At Fairmount, we completed two minority recaps this fall with health care services firms that attracted a lot of interest from PE firms not requiring control.  Many of the bids from financial buyers used reducing liquidity preferences or other devices to get the investor to an acceptable rate of return under even modest exit scenarios.

3. Focus on cash multiples of return.
Cash multiples of return have certainly gained currency.  You can see the point, particularly with high-quality funds that are not high-volume investors.   A partner in one such firm commented,  “We have always been focused on cash-on-cash returns since buying any company is hard work.”
For such a firm, an investment that produces a quick exit at a lofty IRR is a mixed blessing.  Let’s say you can invest $20 million for one year and earn $30 million at exit – a 50 percent IRR.  Or you can invest the $20 million for a three-year holding period and earn $40 million at exit.  The IRR is lower – 26 percent – but you’ve made a 2.0x return not 1.5x, a gain of $20 million rather than $10 million.

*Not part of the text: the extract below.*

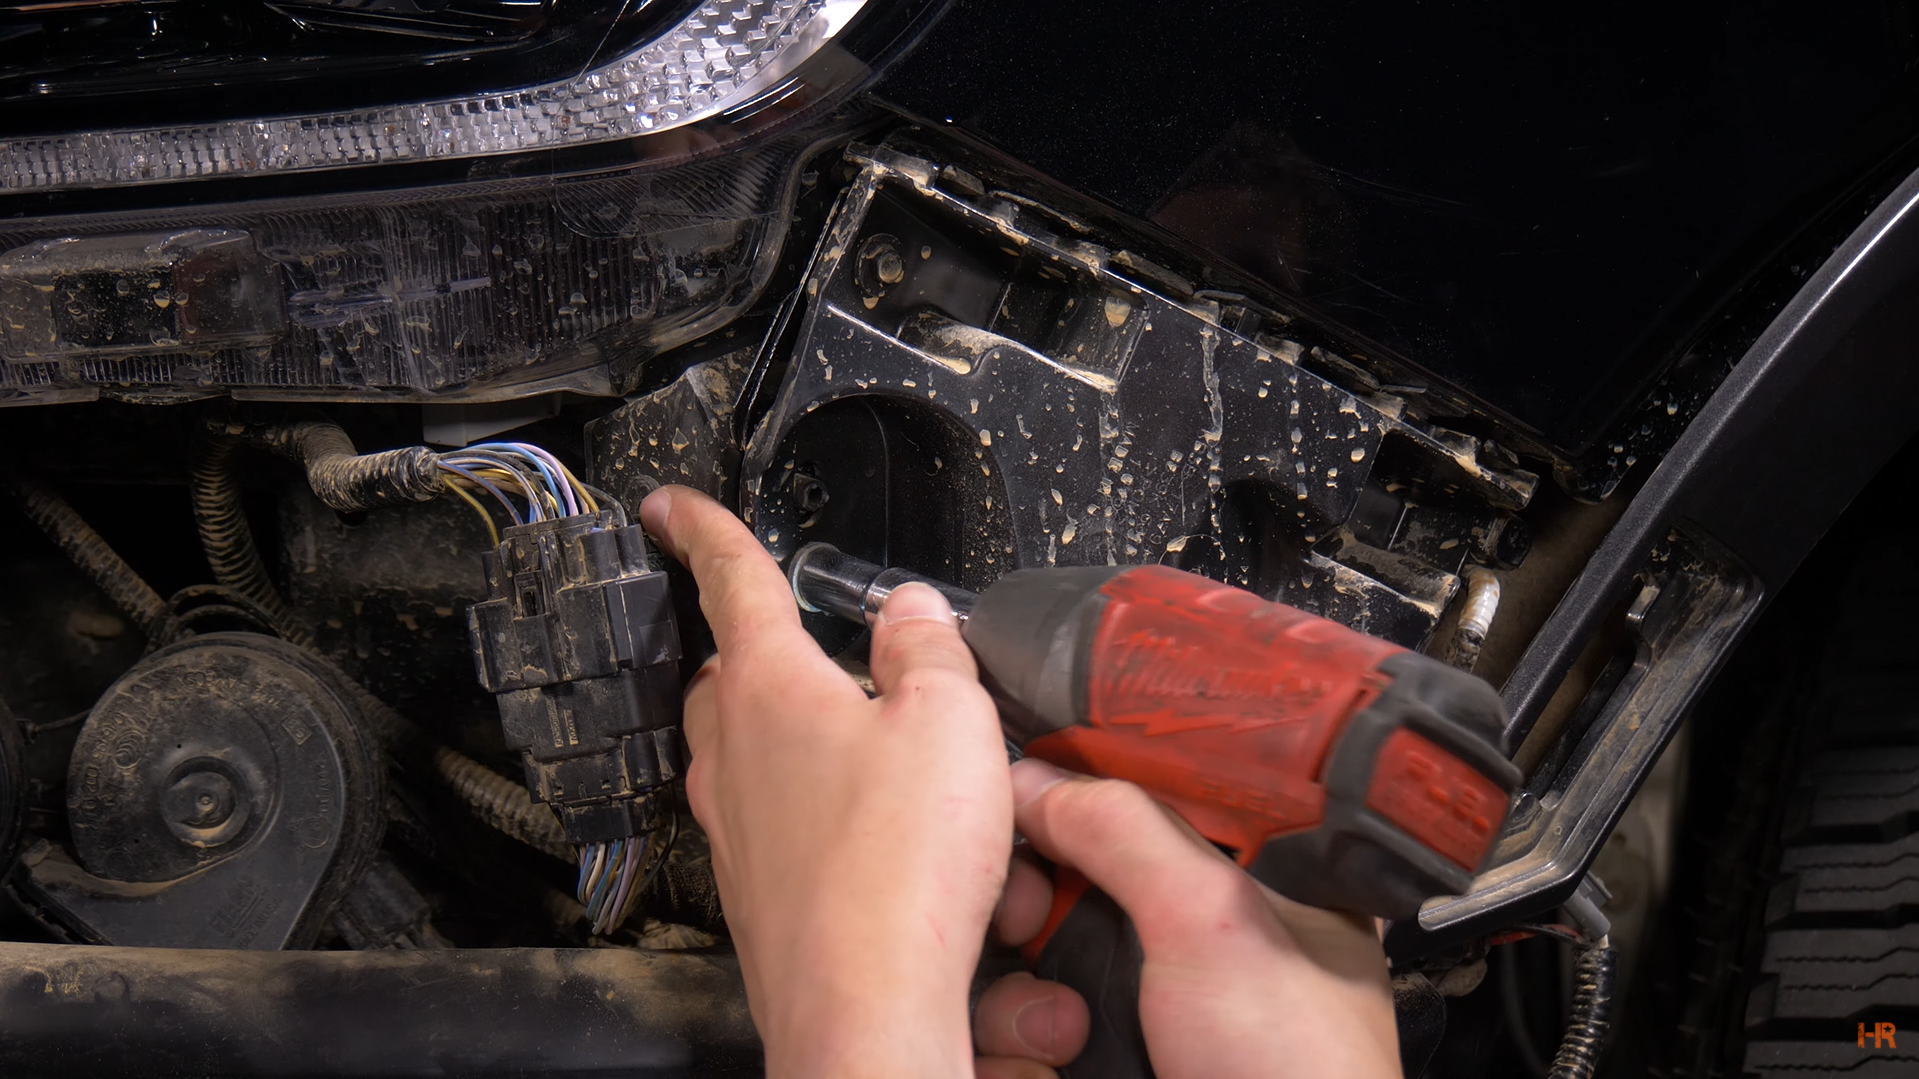 A man works on instlalling the Morimoto XB LED Headlights on the 2019+ Ford Ranger.

In the end, it all comes back to IRR.  The high-quality, low-volume shop prefers the second investment because their experience tells them they won’t be able to redeploy the cash in another investment generating anything close to a private equity return.  From the macro-perspective of the fund over its life, the first scenario is less desirable because it leads to a lower fund IRR.

The high-quality, high-volume firm, then, may talk about multiples of cash return because it’s in vogue, but there is always a demand for their capital in other portfolio companies or new investments. Internal rate of return remains a useful benchmark with much less of the punitive downside.

A lot of sponsors who have been strong performers in the difficult conditions of the past few years also tell us that they didn’t max out on debt when it was more widely available, so their ability to achieve a given level of return was not heavily effected when lending tightened up.  This is particularly true for groups looking at acquisitions in the $5 million range and below.

In the universe we cover – PE firms doing deals in the $10-250 million value range — achieving 30 percent-plus IRRs is difficult but achievable.  However, it wasn’t that easy even when that benchmark was being cited more frequently. According to Venture Economics, the average annual return for U.S. buyout funds from 1987-2006 was 12.2%.